# SPI-6 from CONUS404-BA (monthly precipitation)

This notebook computes the **Standardized Precipitation Index (SPI)** at a **6‑month accumulation (SPI‑6)** from the **CONUS404 bias‑adjusted (CONUS404‑BA)** precipitation field, and then (optionally) summarizes SPI‑6 over a region (e.g., Iowa) and compares it to an external SPI product.

**High-level steps**
1. Load daily CONUS404‑BA precipitation.
2. Aggregate to monthly totals.
3. Clip to a polygon region of interest.
4. Compute 6‑month accumulated precipitation.
5. Fit a **Gamma distribution per calendar month** (handling zeros) and transform to standard normal → SPI.
6. Save SPI‑6 as NetCDF and create a statewide/area-average time series plot.

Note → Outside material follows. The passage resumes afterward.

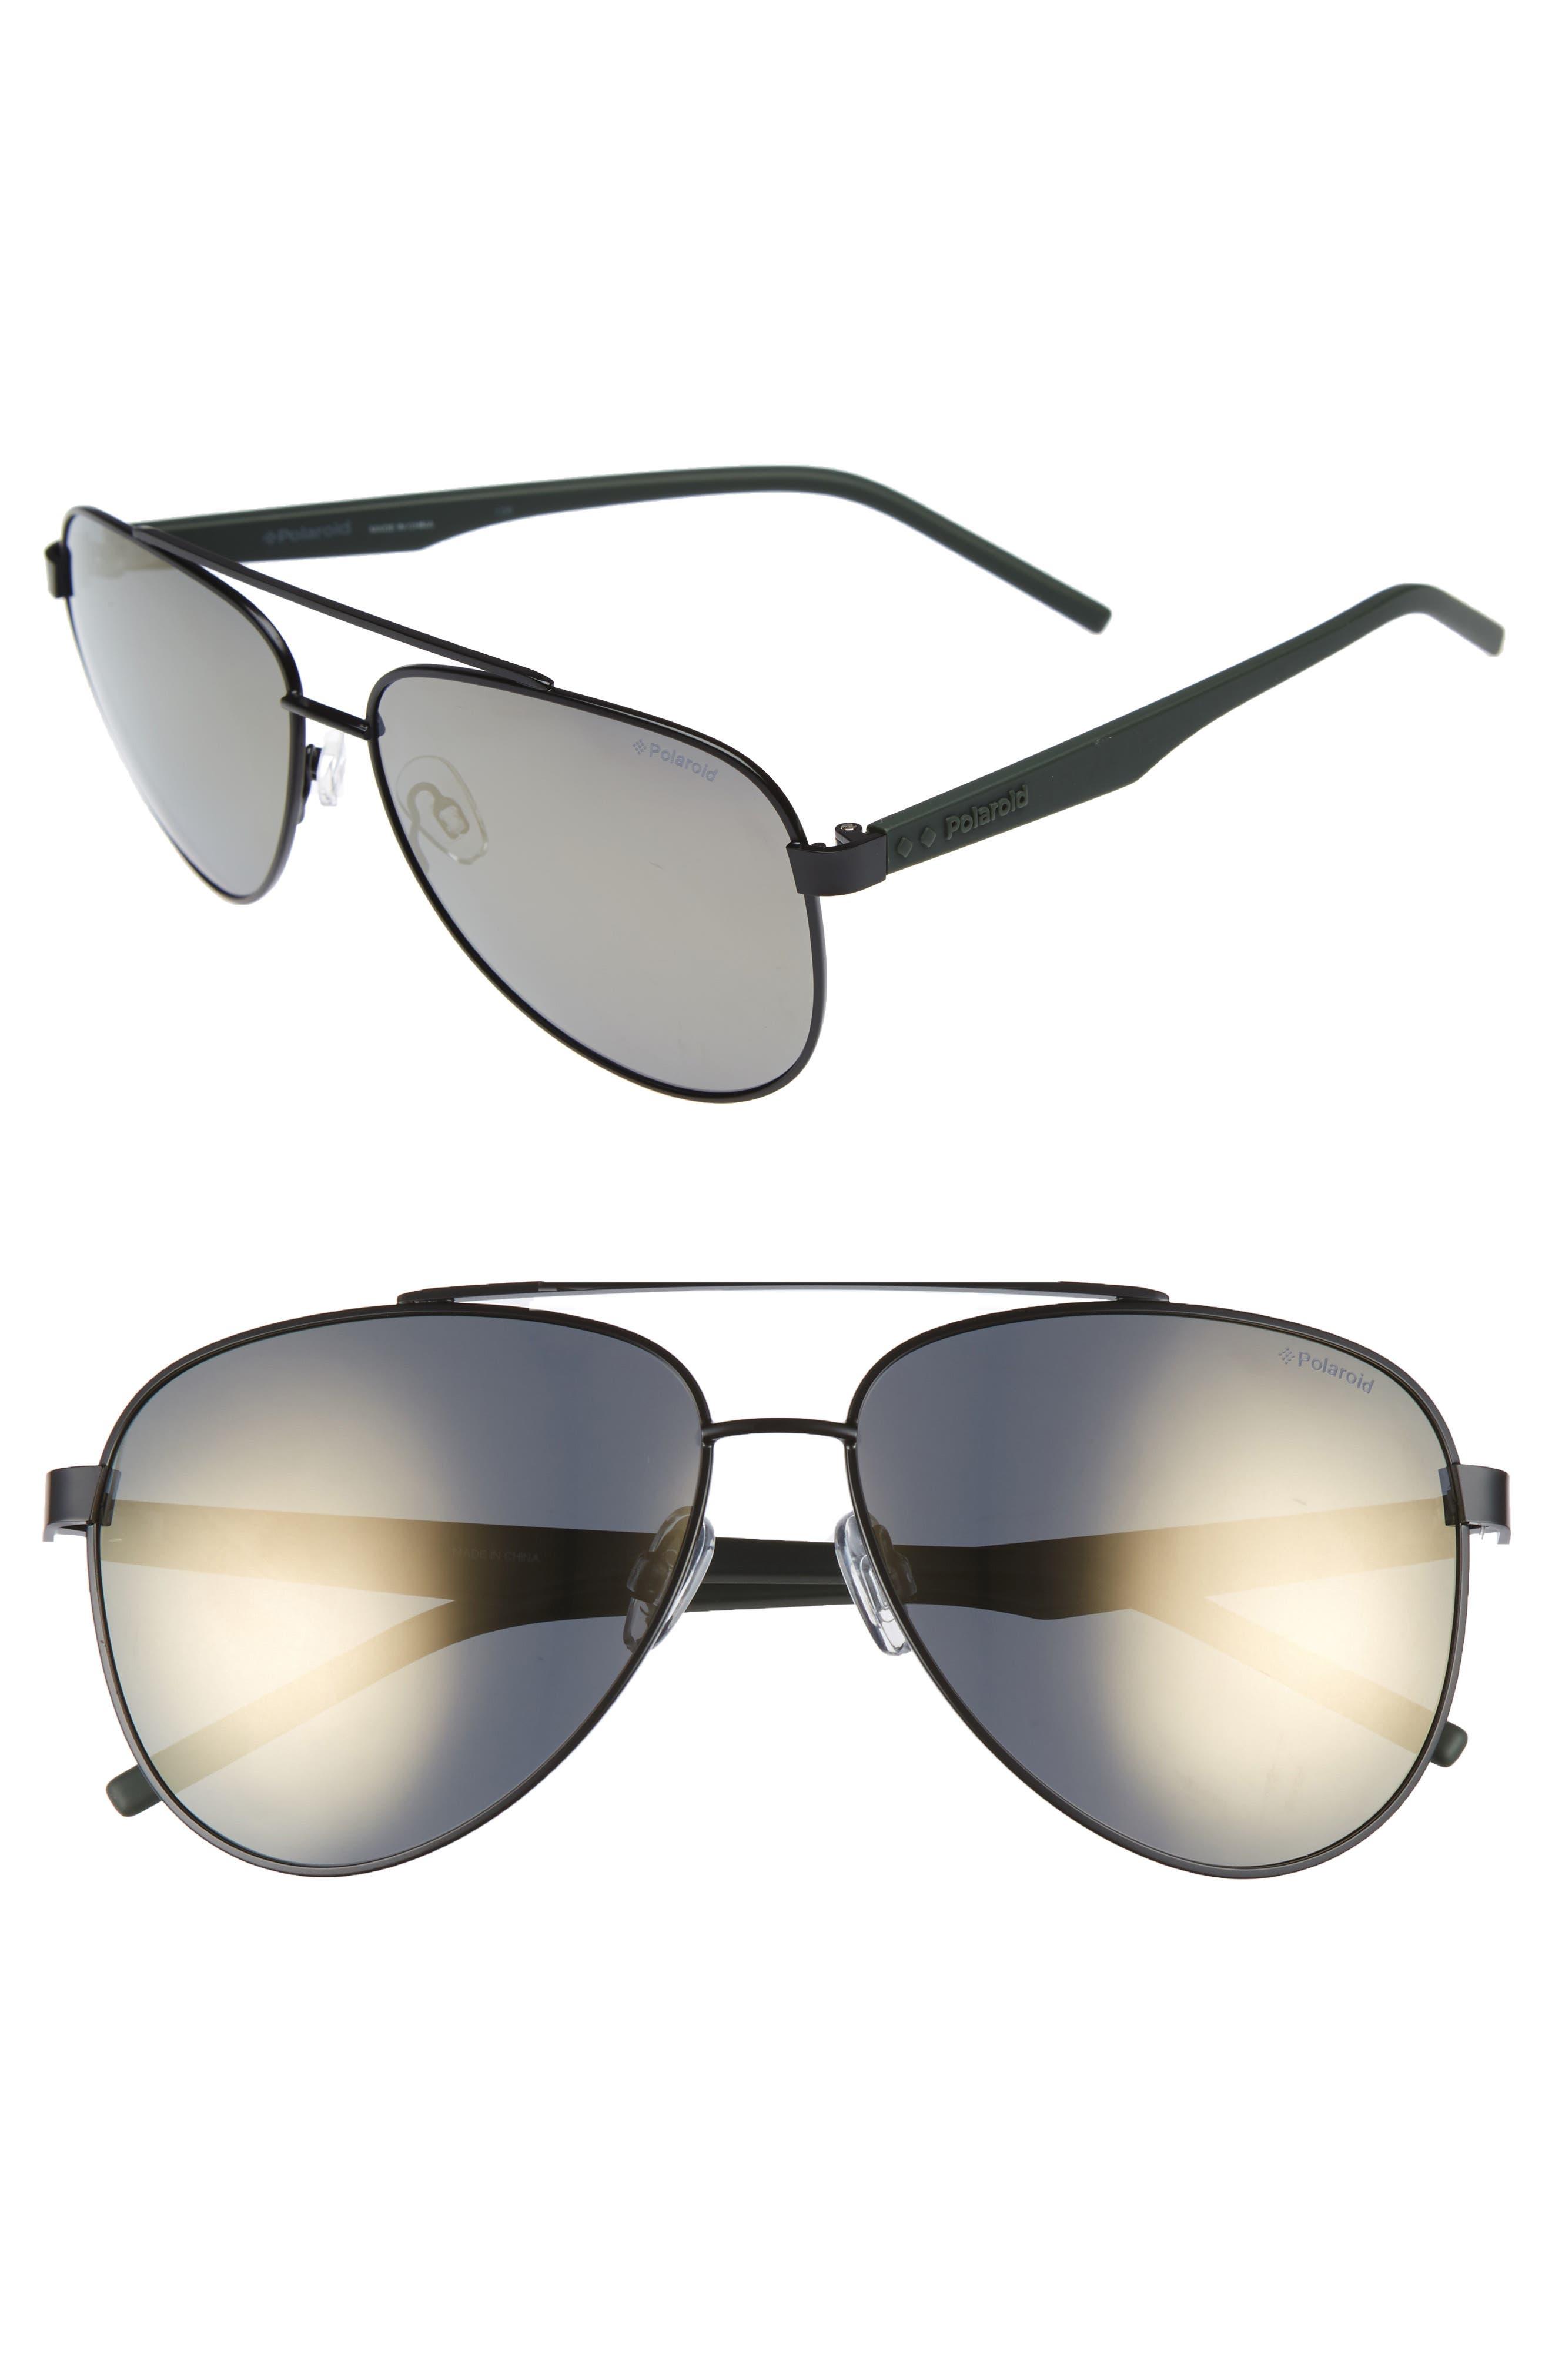 Polaroid 61Mm Polarized Aviator Sunglasses -
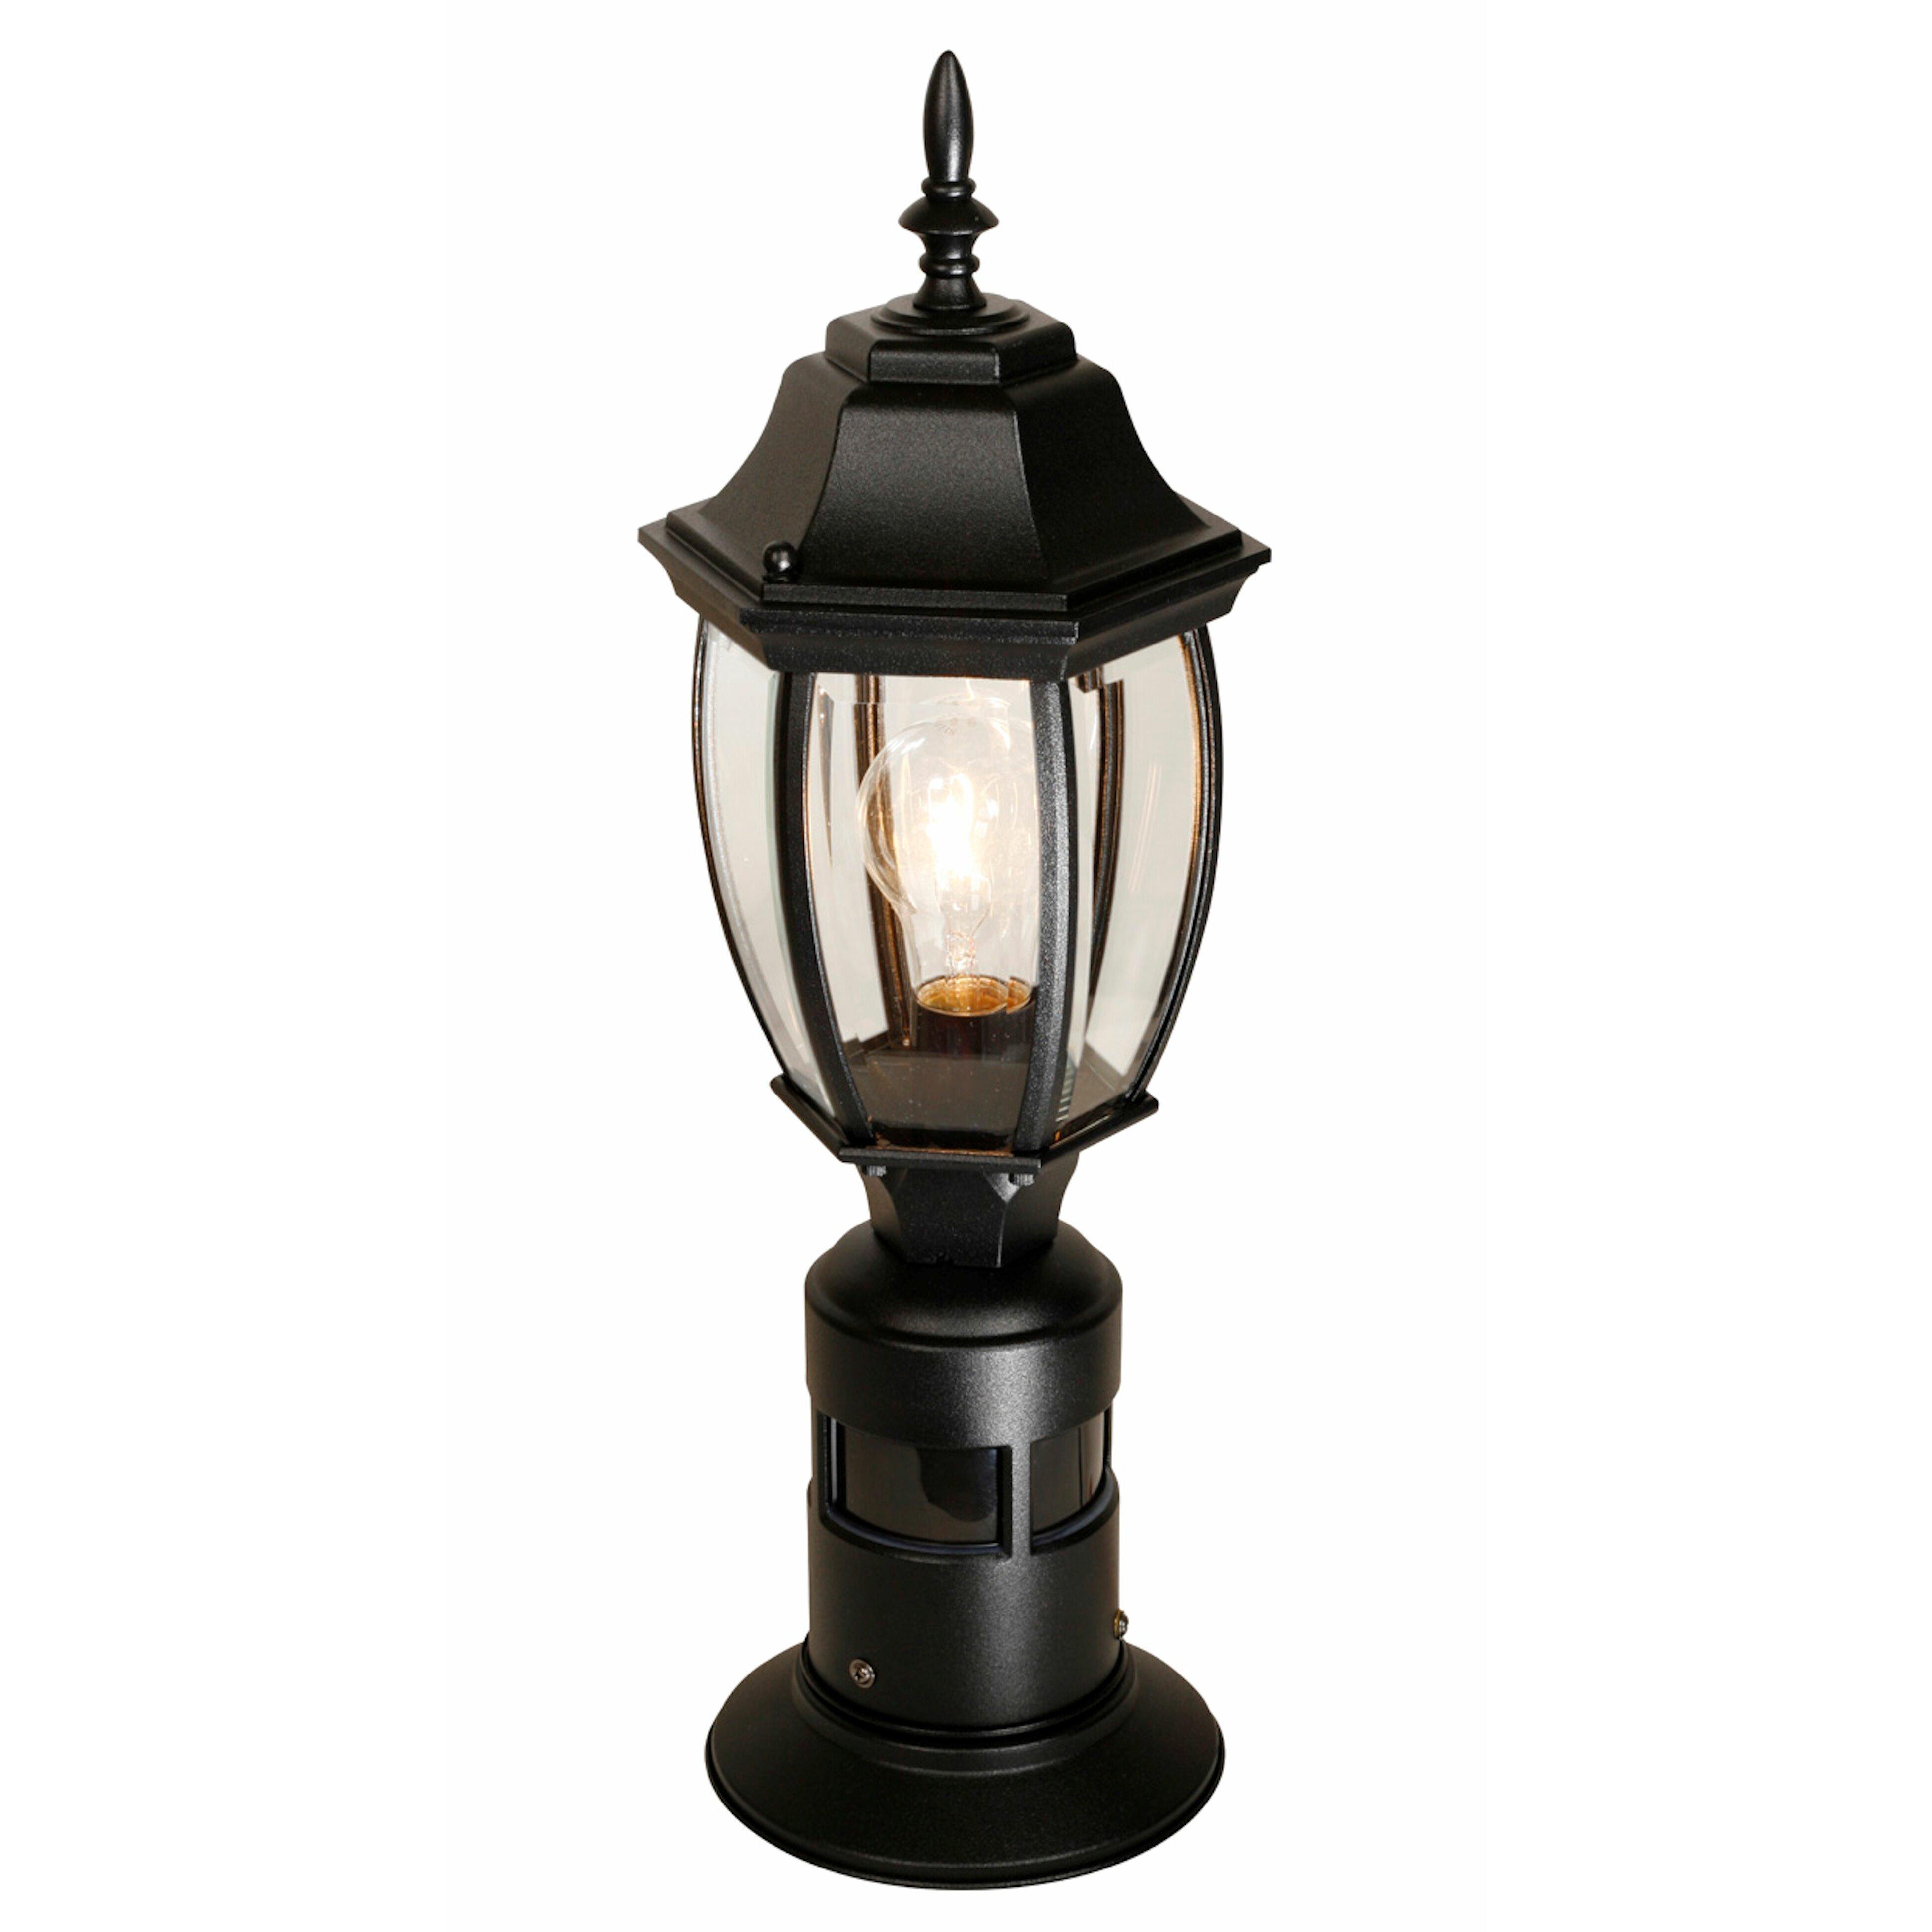 heath zenith outdoor 1 light pier mount light reviews. Black Bedroom Furniture Sets. Home Design Ideas

## 0. Environment and imports

If you are working with the cloud-hosted HyTEST/OSN catalogs, you need internet access and the required Python packages installed.


In [None]:
# Core
import os
import warnings

import numpy as np
import pandas as pd
import xarray as xr

# Catalog + distributed compute (optional but recommended for large grids)
import intake

# Geospatial I/O and clipping
import geopandas as gpd
from shapely.geometry import mapping
import rioxarray  # noqa: F401 (adds .rio accessor)

# SPI math
from scipy.stats import gamma, norm

# Plotting
import matplotlib.pyplot as plt
import matplotlib.dates as mdates

warnings.filterwarnings("ignore")

## 1. Parameters

Update paths for your machine. The `SHP_FILE` should be a polygon boundary (e.g., Iowa).  
The catalog dataset id below matches the original notebook (`conus404-daily-ba-osn`), but you can change it to any compatible CONUS404 dataset that contains `RAIN`.


In [None]:
# --- Region of interest (polygon) ---
SHP_FILE = r"C:\path\to\Iowa_State_Boundary.shp"  # <-- change

# --- Output paths ---
OUT_DIR = r"C:\path\to\outputs"  # <-- change
OUT_PNG = os.path.join(OUT_DIR, "SPI6_Iowa_CONUS404BA_1980_2022.png")
OUT_NC  = os.path.join(OUT_DIR, "CONUS404BA_SPI6_1980_2022.nc")

# --- Data selection ---
DATASET_ID = "conus404-daily-ba-osn"
TIME_START = "1980-01-01"
TIME_END   = "2022-09-30"  # match original notebook window

## 2. Open the HyTEST catalog and load CONUS404‑BA

This uses HyTEST's intake catalog to access CONUS404 on OSN.  
If your environment cannot reach GitHub or OSN, replace this with your local file paths / zarr store.


In [None]:
HYTEST_CATALOG_URL = "https://raw.githubusercontent.com/hytest-org/hytest/main/dataset_catalog/hytest_intake_catalog.yml"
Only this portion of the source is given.